ACTION ITEM => Take from the entries below the stretch from the line with "Mercedes Vito Nobis" through the line with "Enchanting Edwardian Revival", and return it exactly, leaving the pictures out.

EXTRACTED MATERIAL =>
|---|

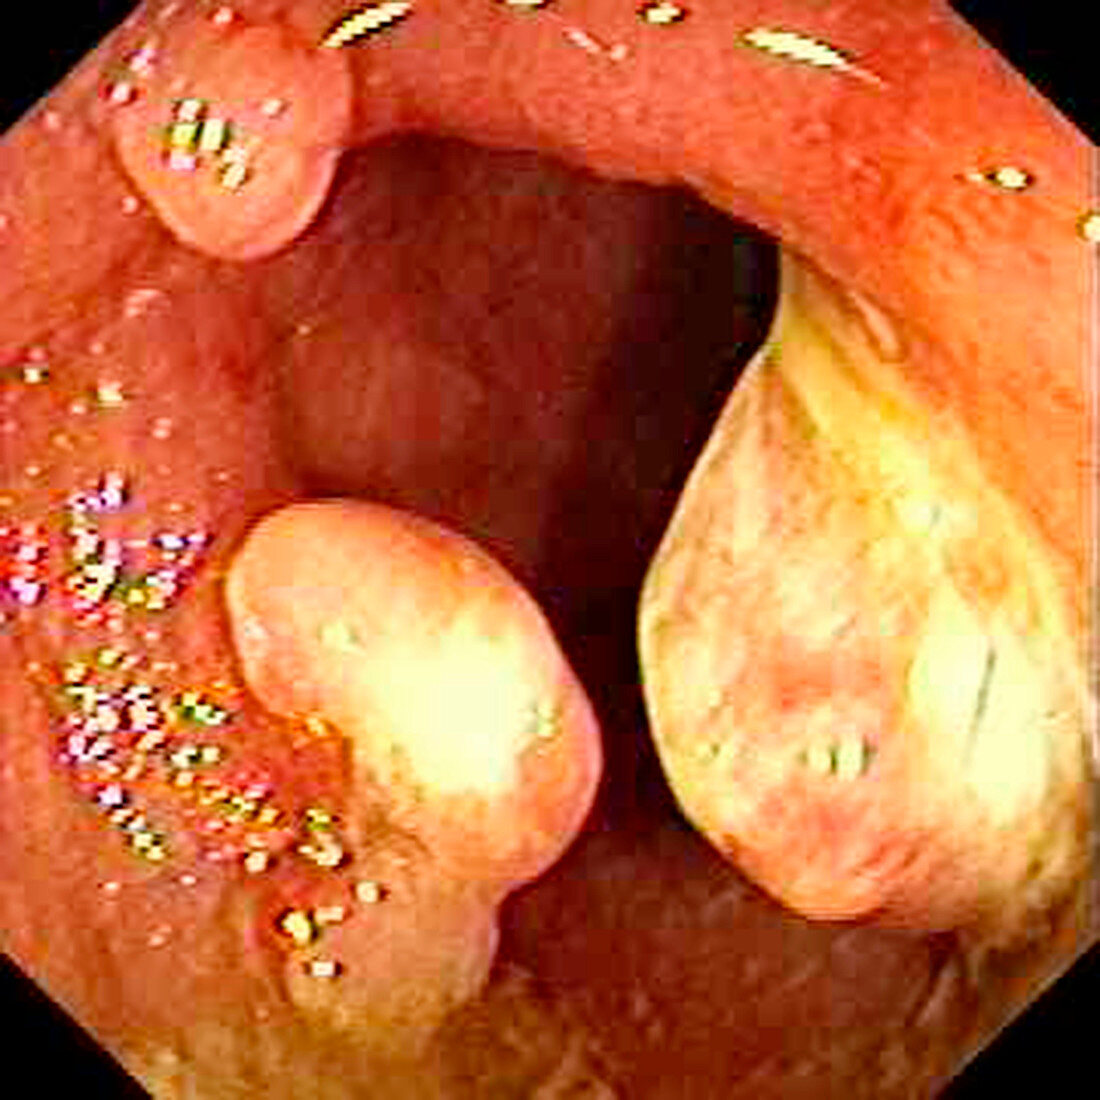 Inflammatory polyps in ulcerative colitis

|---|

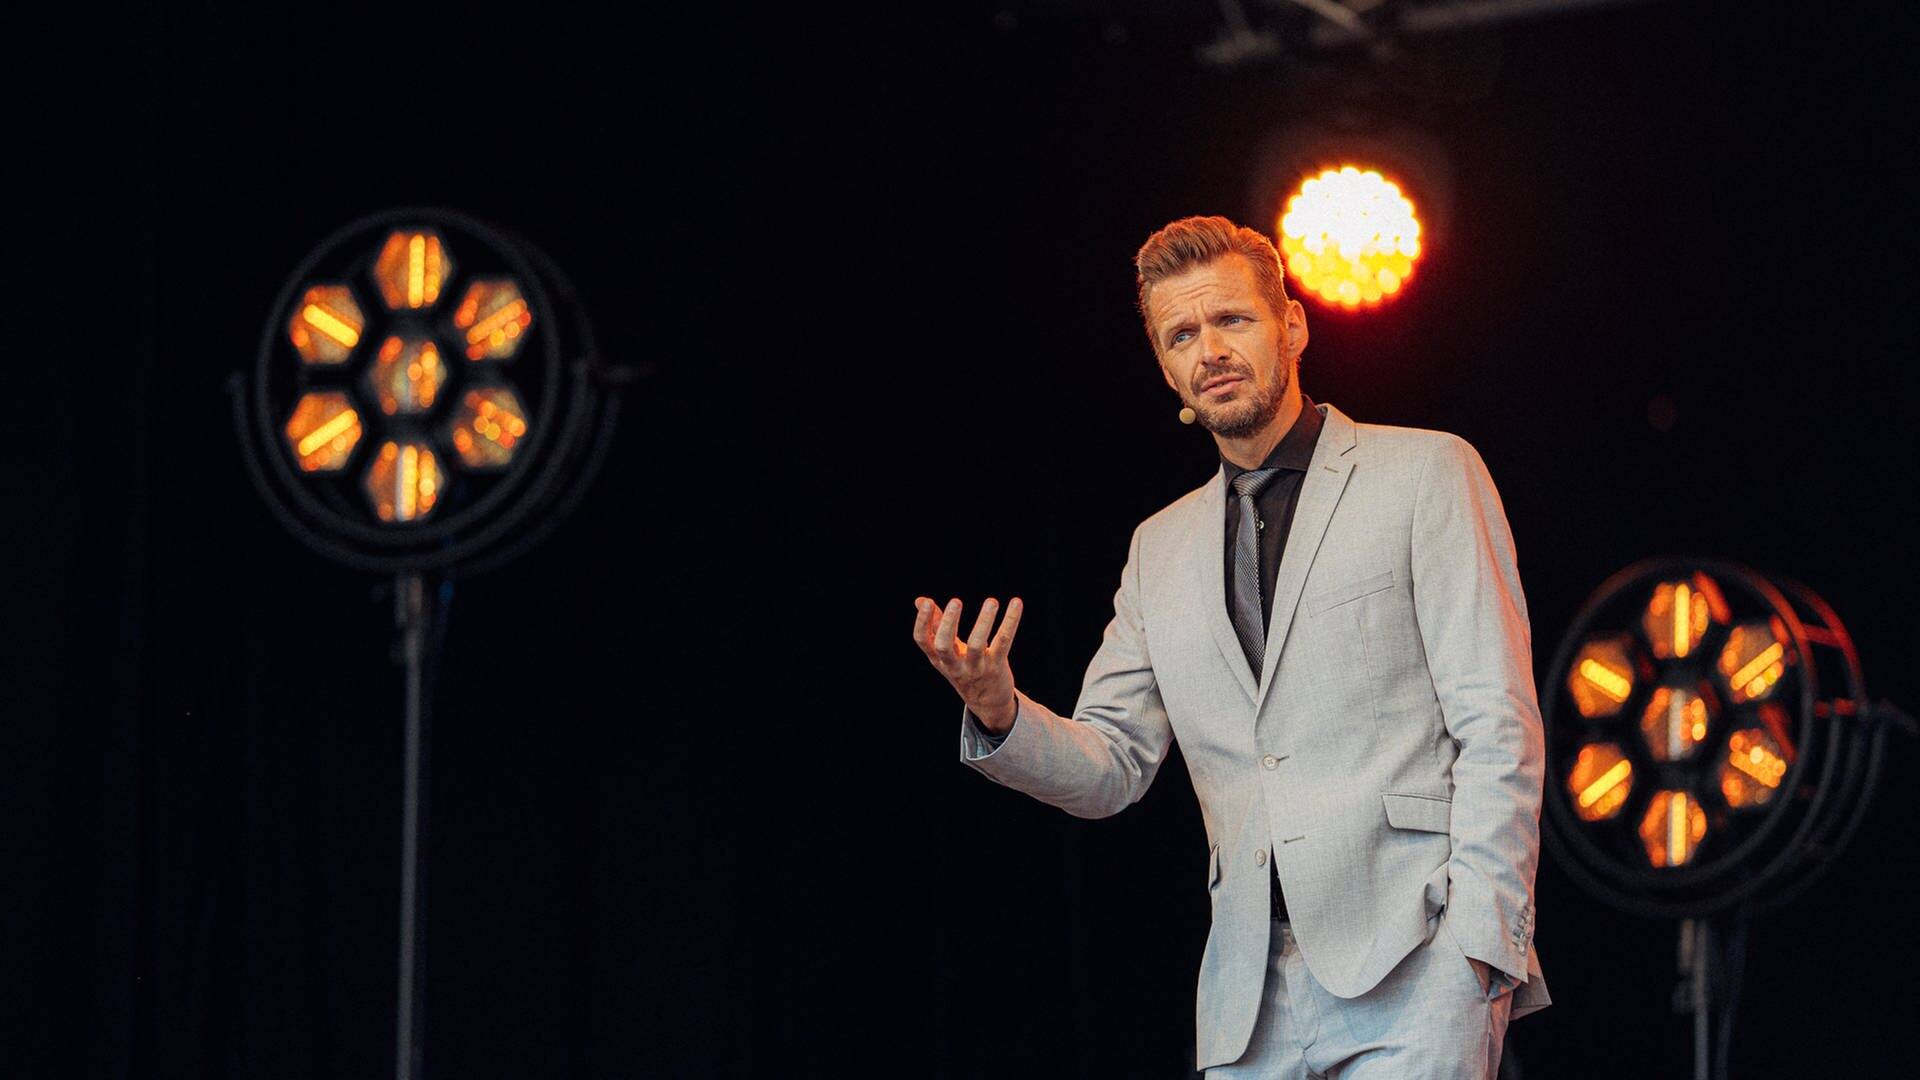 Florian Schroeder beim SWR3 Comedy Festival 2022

|---|

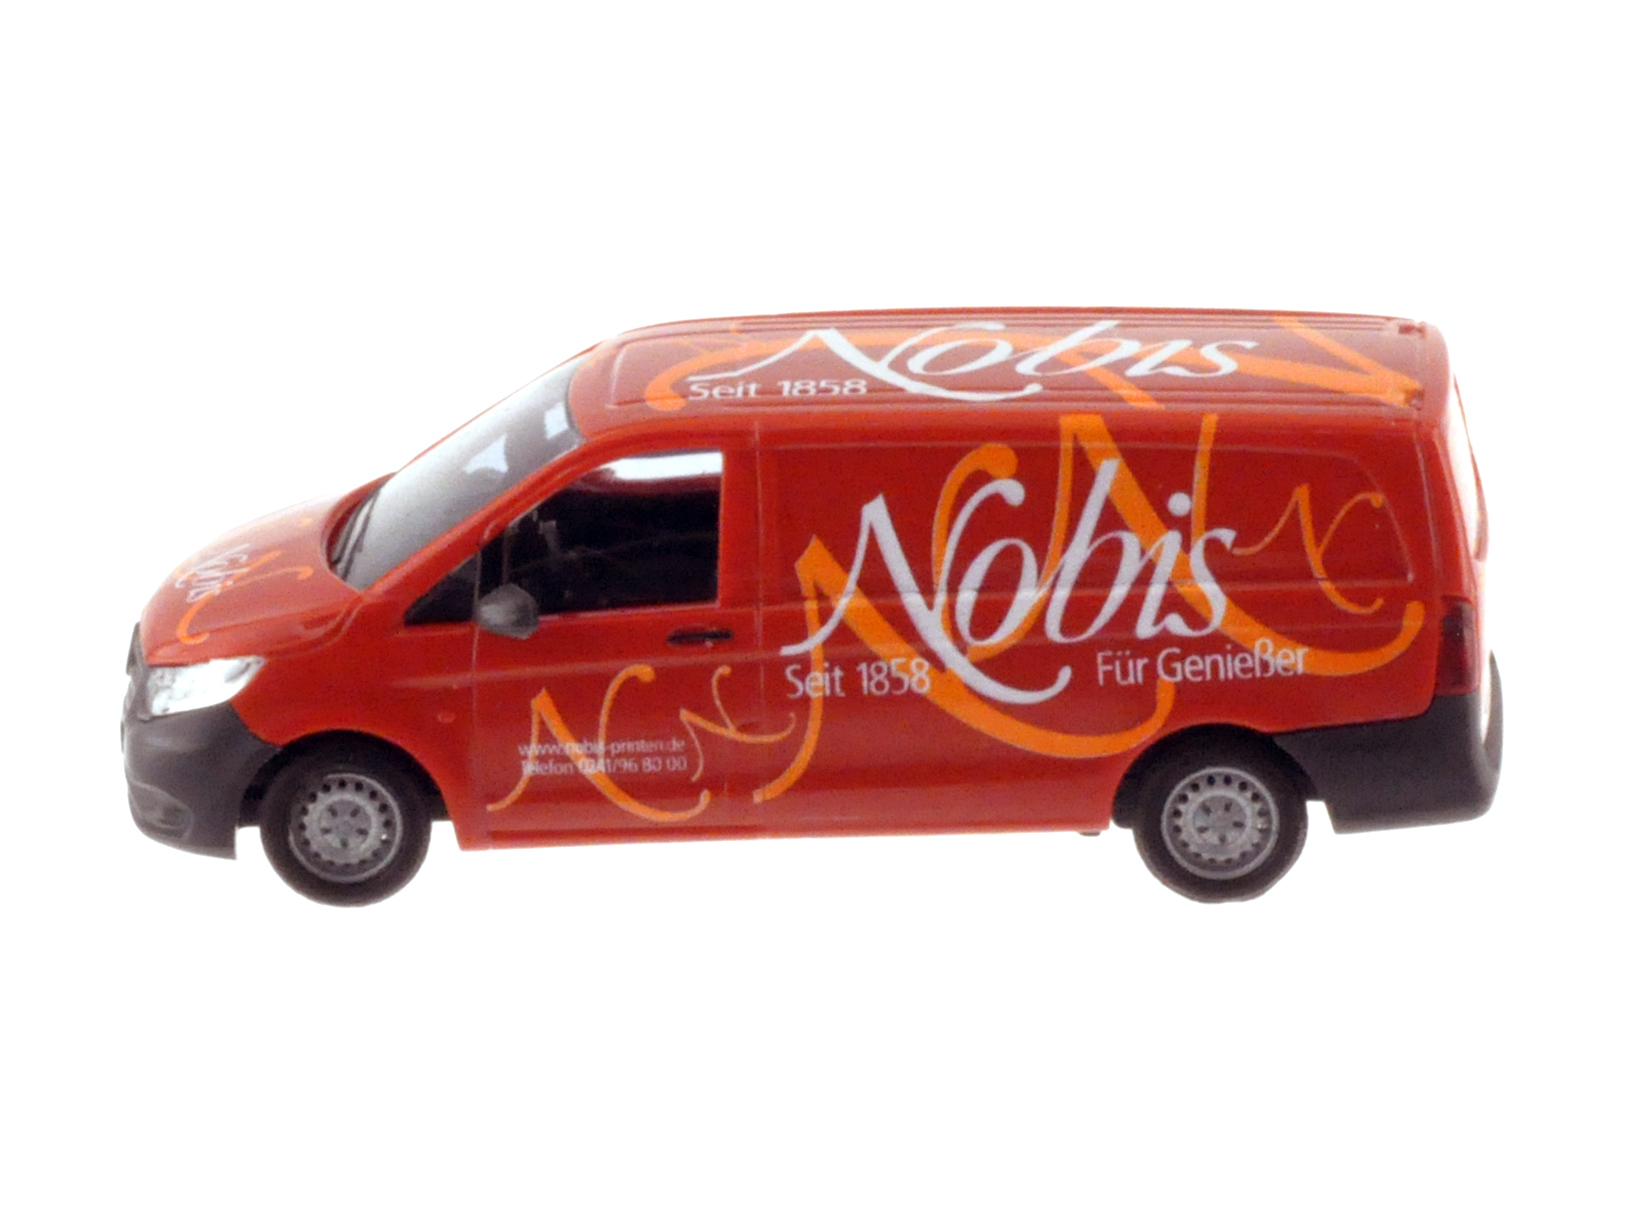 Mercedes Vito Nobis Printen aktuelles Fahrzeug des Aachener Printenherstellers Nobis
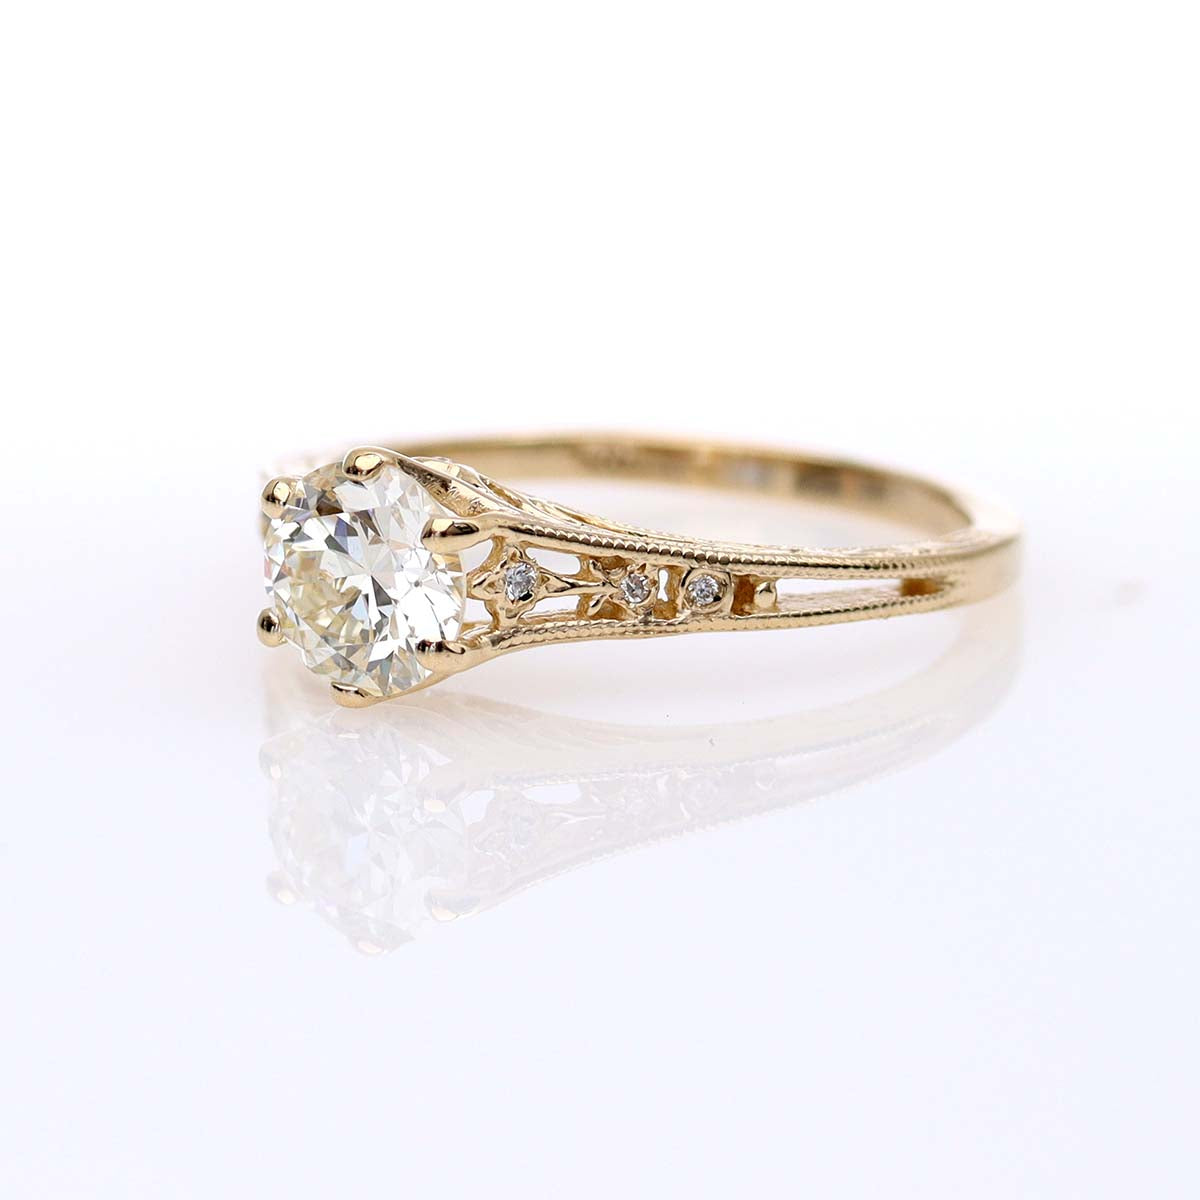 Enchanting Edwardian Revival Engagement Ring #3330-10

|---|

FINISHED TASK =>
 Mercedes Vito Nobis Printen aktuelles Fahrzeug des Aachener Printenherstellers Nobis
 Enchanting Edwardian Revival Engagement Ring #3330-10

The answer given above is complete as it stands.